My writing and workouts are going strong. I have made plans with a friend for writing dates in November. My meditation and journaling practices are going well, and even when they aren’t, I keep doing them, because that’s the whole point. I have been cooking more, using different recipes and finding new ways to make use of familiar ingredients.
I have a couple of dreams that feel impossible at the moment, so I research them, and make a plan and a budget for them. I know that these dreams and plans become the foundations for those “castles in the air”
I let go of a person that I needed to. I stood up for myself in a conflict a few months ago and left when a situation felt unsafe, even when it felt uncomfortable and weird to leave. I am enjoying a new friendship that may or may not become something significant. I am comfortable, for once, with the slow pace as we discover each other.
I have new plans to help a good friend finally earn her GED. I have three interviews this week for a possible online gig.
I have plans to figure out some bike repair with the help of online tutorials this weekend. I also need to figure out how to get my printer to work.
I realized that this year is the first since 2012 that I haven’t had any of my writing published. But then I remembered that I was selected to be a contributing blogger for a new website, although its launch has been pushed back into early next year. For several months, I have been writing weekly blog entries for their site. I’ve decided to keep contributing for now, and reassess in the new year.
My mom came to visit for 10 days, she was in town for a conference for part of her visit while I worked during part of her visit. We had one of our best visits ever. We talked and listened to each other. We shared meals and just spent time in each other’s company.

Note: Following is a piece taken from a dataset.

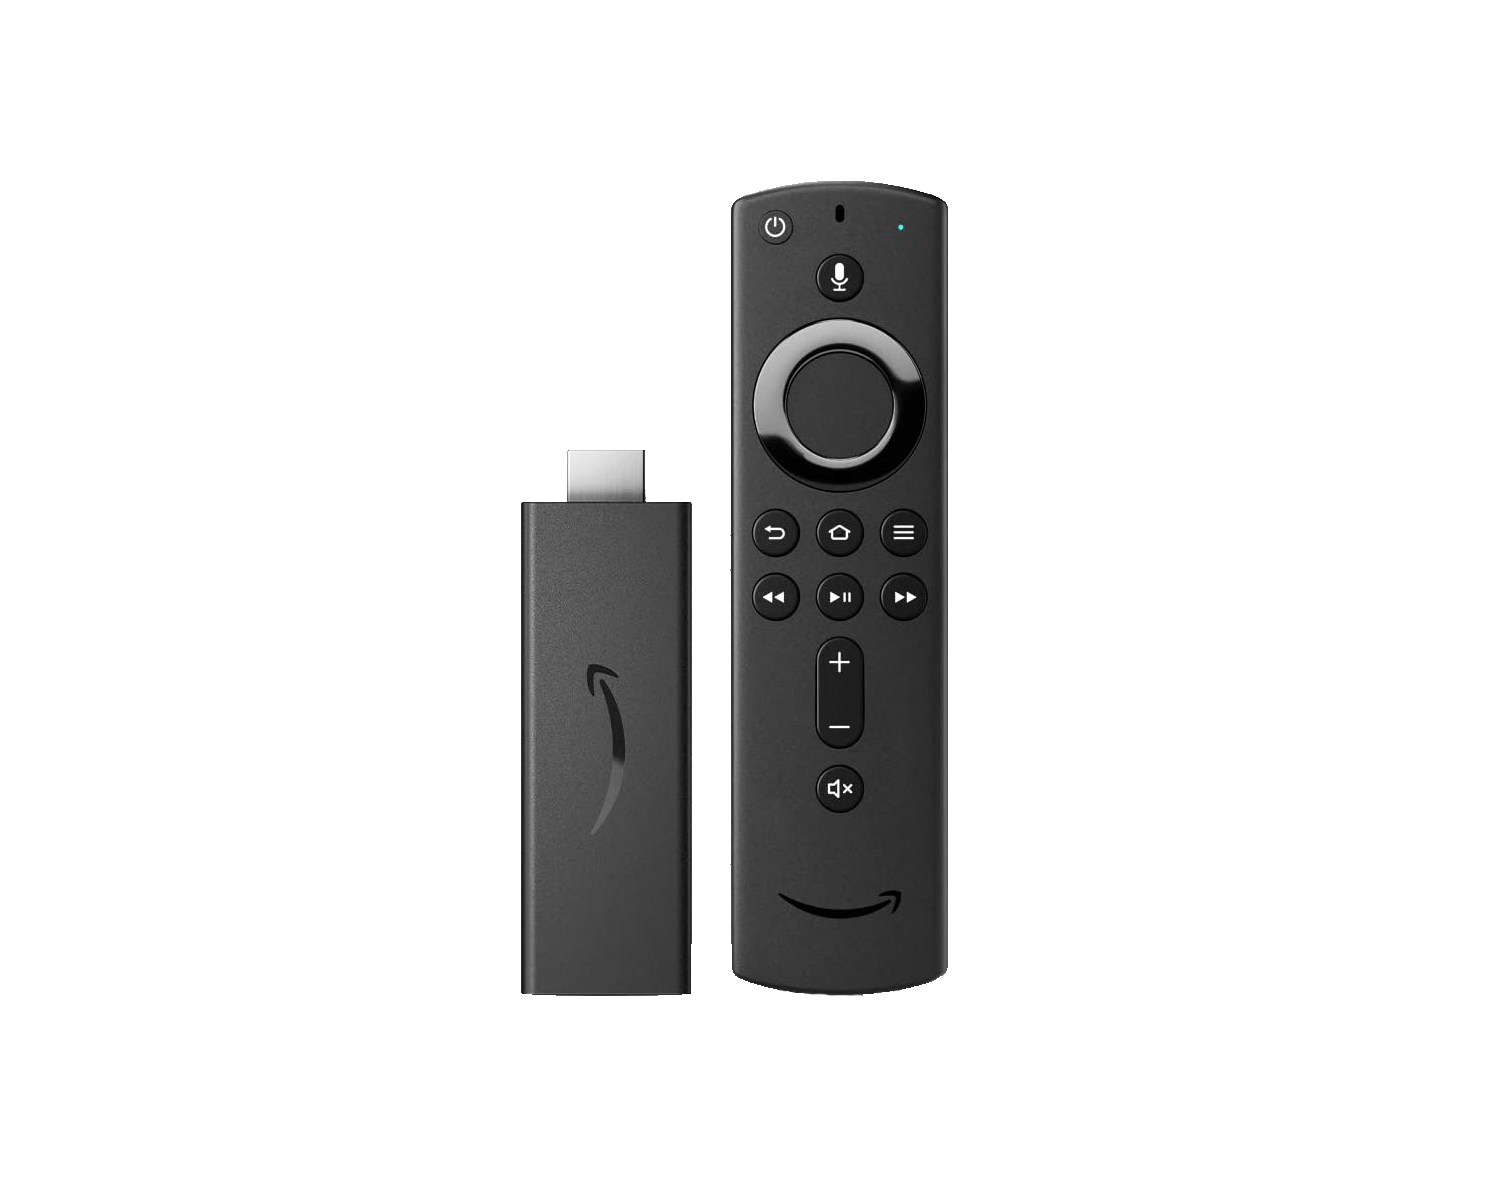 Fire TV 32 2-Series HD smart TV with Fire TV Alexa Voice Remote,  stream live TV without cable

We visited our favorite restaurants and made breakfast on lazy cozy mornings. We lingered over coffee and curled up at the end of the day to tell each other of our adventures. It’s nice to find that we choose each other’s company and revel in the joy of it, and not sink into the obligation of it.
My new friend visited yesterday. We talked and dreamed and shared. We are learning about each other and opening up to each other, finding our way slowly.
All of the above is to say I am learning to grow and learn with change. There are steps forward and steps back. There is kicking up the dust and finding new energy. It means keeping and holding boundaries, and stating intentions. It means letting go of expectation and finding space for myself and others. It means letting others in and making space for others (and myself) to leave. It means picking up the pieces and starting again or deciding to let some things go dormant for a while. It means not caring what others think and listening to myself and knowing when my internal voice is true, or when it’s just the distracting chatter of being afraid. It means holding hands and also walking alone. It means speaking up and also letting in silence and space. It means finding forgiveness and making a new way. It means being okay with the good and the bad, and just being.